Amal Clooney dodaje do śniadań mało popularny w Europie produkt. Obniża cholesterol i reguluje cukier
Mając w domu prywatnego kucharza, co "przydarzyło" się państwu Clooneyom, można sobie pozwolić na nie byle jakie posiłki. Patrząc na zadbane fizjonomie jednej z "power copule" Hollywood można zakładać, że George i jego żona Amal mogą liczyć na wsparcie szefa kuchni w kwestii zbilansowanych posiłków. 47-letnia żona aktora ma godną pozazdroszczenia figurę, którą zawdzięcza między innymi serwowanym w jej domu posiłkom.

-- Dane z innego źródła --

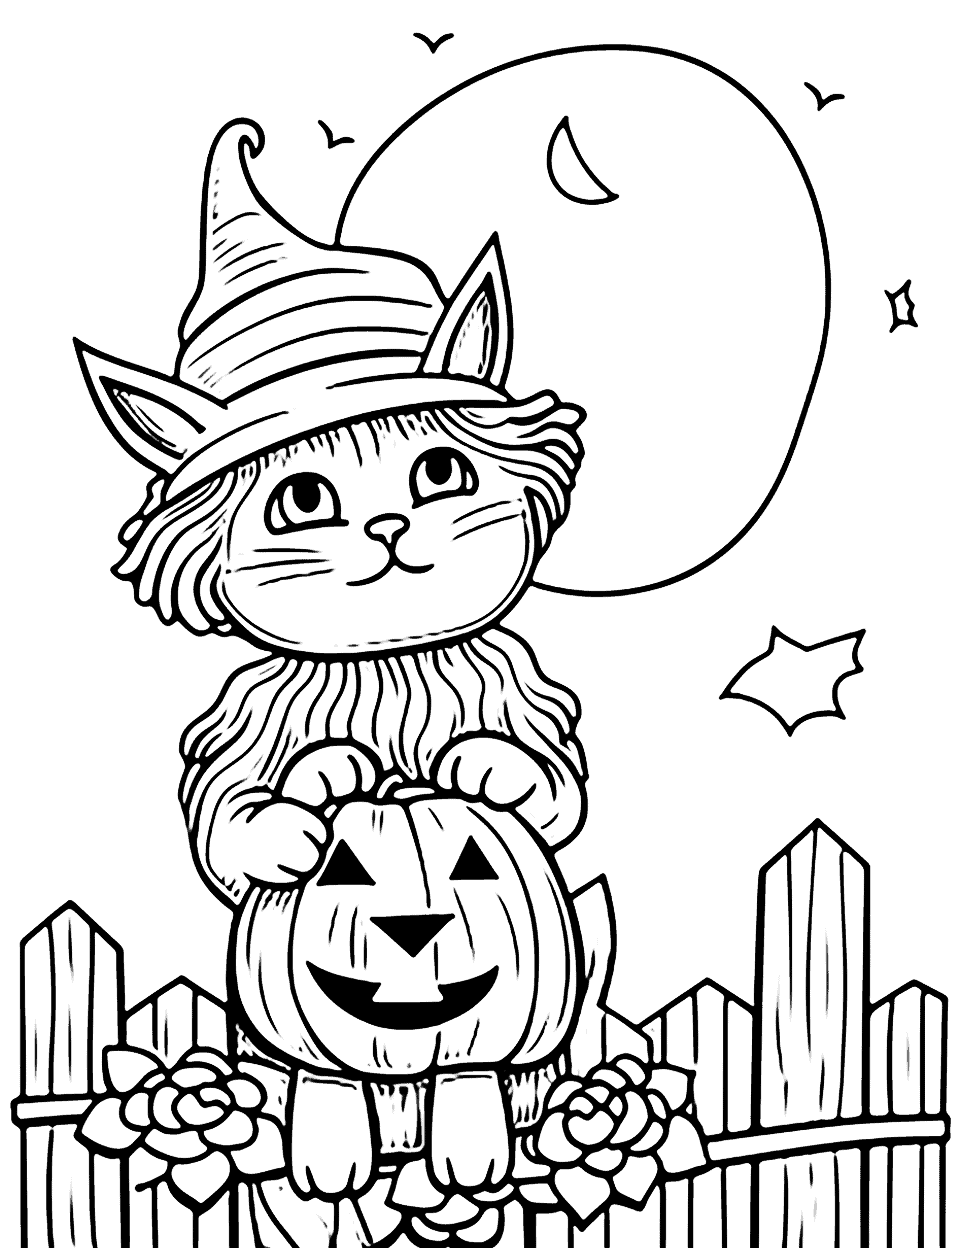 Moonlight Cat and Pumpkin Halloween Coloring Page - A cat sitting on a fence beside a carved pumpkin under a beautiful moonlit sky.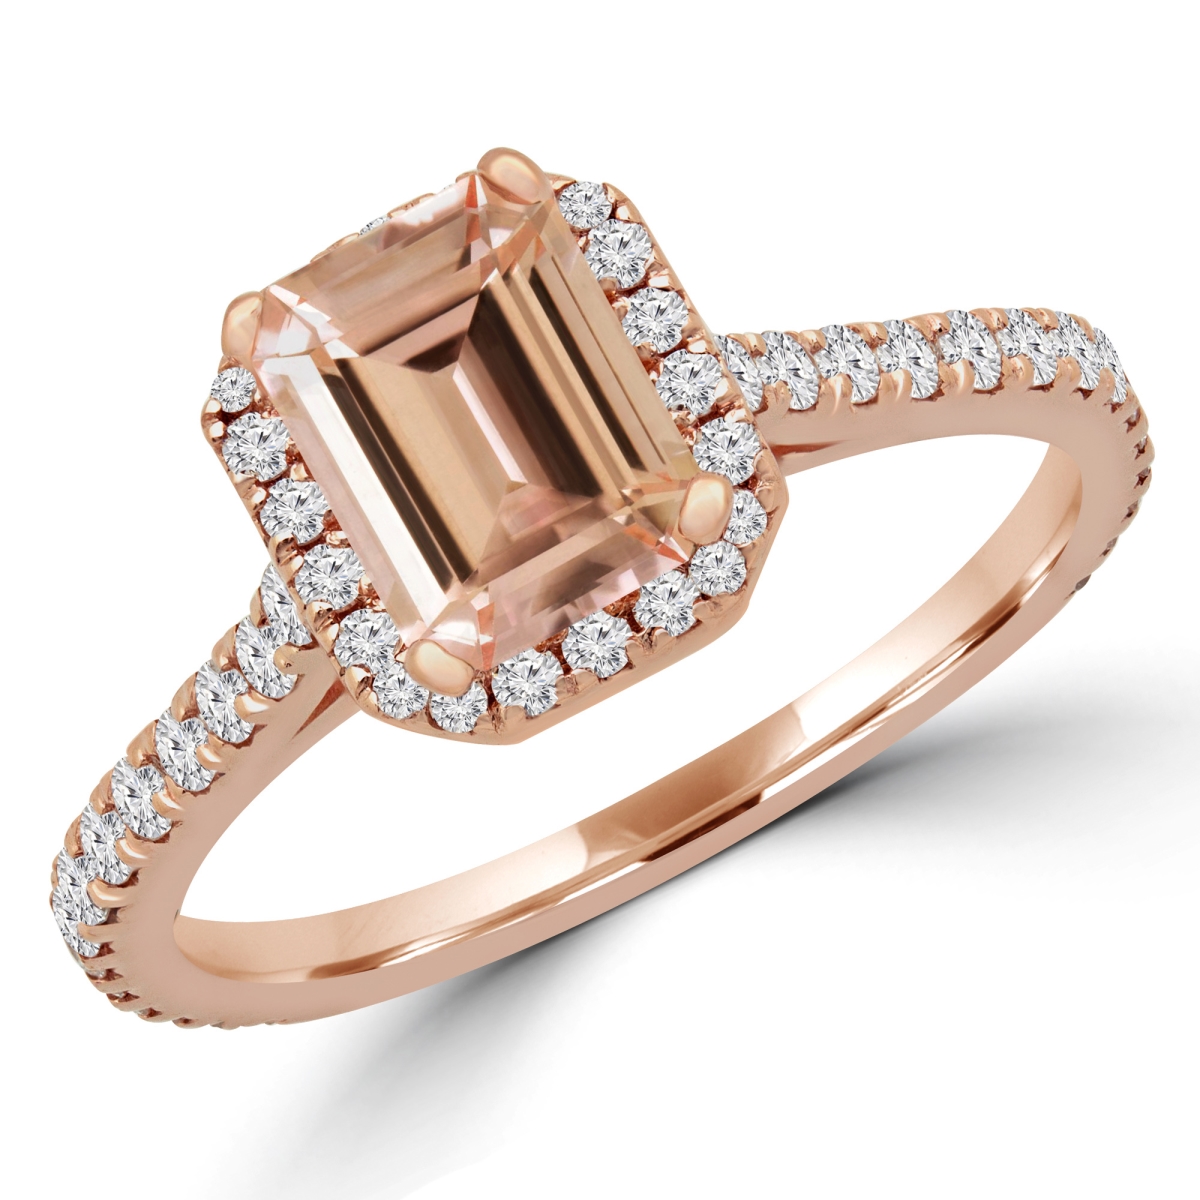 Picture of Majesty Diamonds MD180580-7.75 1.25 CTW Emerald Pink Morganite Halo Engagement Ring in 14K Rose Gold - Size 7.75

Amal Clooney do śniadań dodaje wodorosty
W rozmowie z magazynem "Vogue" Amal Clooney zdradziła, że dba o regularne i pełnowartościowe posiłki, pamięta też zawsze o porządnym śniadaniu. Prawniczka wyznała przy okazji, że jej ulubionym dodatkiem do śniadań są... wodorosty. Amal docenia wartości odżywcze codziennego składnika diety kuchni azjatyckiej i regularnie wprowadza je do swego jadłospisu.
A co na taki wybór mają do powiedzenia eksperci? W rozmowie z magazynem "HELLO!" dietetyczka Joanna Lyall podkreśliła, że dodawania wodorostów do potraw, również na śniadanie, to dobry wybór. "Są bogate w jod, zawierają minerały, mają też w składzie tak bardzo potrzebny jelitom błonnik" - zauważyła ekspertka. - "Są lekkie, bogate w składniki odżywcze i dodają potrawom naturalnego smaku umami, który sprawia, że po ich zjedzeniu nie mamy już ochoty na podjadanie" - mówi dietetyczka.
Rzeczywiście, wodorosty w różnej postaci zawierają bardzo dużo jodu (na przykład nori dostarcza około 37 mcg jodu na arkusz, a kombu aż 2523 mcg na gram), mają witaminy A, C, E, K oraz z grupy B (w tym B12), które wspomagają odporność, zdrowie skóry i układu nerwowego). Są bogate w wapń, magnez, żelazo, cynk i potas, a także mangan i brom. Niektóre algi (jak spirulina) zawierają też dużo białka oraz wspomagającego trawienie i zdrowie jelit błonnika.
Zobacz też: Koleżanka zdradziła, jak Nicole Kidman dba o figurę. "Musisz trzymać nogę w górze przez jakieś 12 lat!"
Działanie prozdrowotne alg morskich
Algi morskie mają działanie przeciwzapalne i antyoksydacyjne - mogą być więc wsparciem w stanach zapalnych organizmu. Działają też przeciwwirusowo, przeciwbakteryjnie i przeciwgrzybiczo - pomagają w leczeniu infekcji i stanów zapalnych, np. pochodzenia reumatycznego, łuszczycy czy osteoporozy. Wodorosty wspierają też układ odpornościowy, pomagają regulować poziom cholesterolu i cukru we krwi. Spożywane regularnie mogą obniżać poziom "złego" cholesterolu LDL i wspomagać kontrolę glikemii.
Jednocześnie trzeba jednak pamiętać, że ponieważ zawierają dużo jodu, osoby z problemami tarczycy powinny spożywać wodorosty z umiarem i tylko po konsultacji z lekarzem. Nie bez znaczenia jest też fakt, że algi mogą kumulować metale ciężkie, dlatego ważne, by wybierać produkty z zaufanych źródeł.
Jak wprowadzić algi morskie do diety?
Wodorosty można spożywać w różnej formie. Nori możemy użyć jako bazy nie tylko do sushi, ale i innych wrapów - możemy w nie zawinąć kawałki jajka, awokado, ogórka i innych ulubionych produktów - w ten sposób uzyskamy pyszne, sycące mini wrapy. Kawałki wodorostów (wakame, kombu) możemy tez dodawać do sałatek, smoothie i zup. Możemy też nimi wzbogacić jajecznicę lub owsiankę.
Dietetyczka Joanna Lyall podsunęła też w rozmowie z "HALLO!" pomysły dla wegan - jajecznicę z tofu z dodatkiem alg oraz pikantną owsiankę z algami, olejem sezamowym i sosem sojowym.
Spirulinę i chlorellę, które są dostępne w formie proszku albo tabletek, możemy dodawać do jogurtów, owsianek i koktajli.